Or so I thought. The offers dried up about as quickly as they came in, and after about 5 months the dream was dead. It was the first thing I’d ever failed at entirely. I was broken. A change I’d been anticipating had swung the other way. And fast.

It was then that I realised I had absolutely no idea where I was going with life.

The majority of my mates were all starting their first full-time jobs and I was left on the couch pondering what could’ve been. For the first time in my life, things were changing but I wasn’t.

And it really got to me. I felt like everyone was going on to bigger and better things while I was left behind. Part-time jobs at a café and a pub as well as continual attempts to break into this industry only exacerbated the feeling.

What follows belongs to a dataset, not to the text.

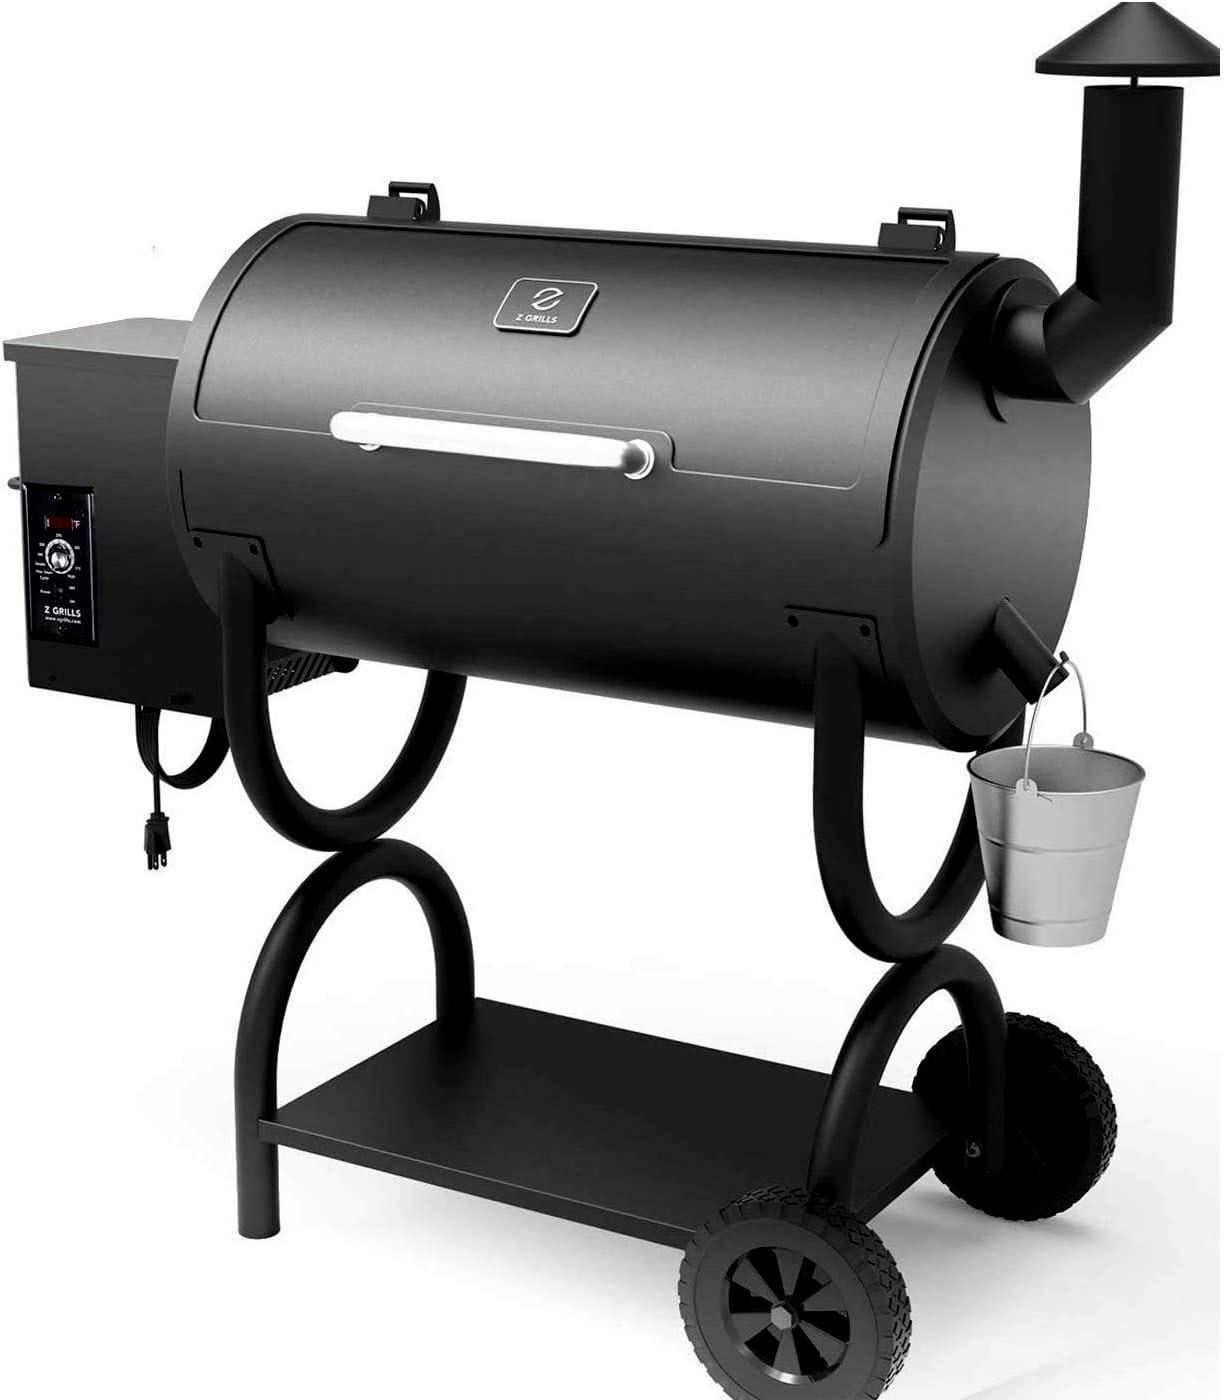 Z-GRILLS-ZPG-550B-Wood-Pellet-Grill-8-in-1-BBQ-Smoker

If you did AWARD School this year and you’re somehow still reading, I’m sure you can relate. This is an unbelievably hard industry to break into. It took me 3 and a half years and two goes at the course to feel like I’m even coming close. Indeed, for the most part, the change I was after felt like it would never happen.

But that’s the beauty of change – it does what it says.

So if you had to take anything from this article, it’s not that I cry on overnight camps or that I can’t kick; it’s that the only consistent thing in this world is change. It’s fine to accept where you’re at, because just know it’s not where you’ll end up.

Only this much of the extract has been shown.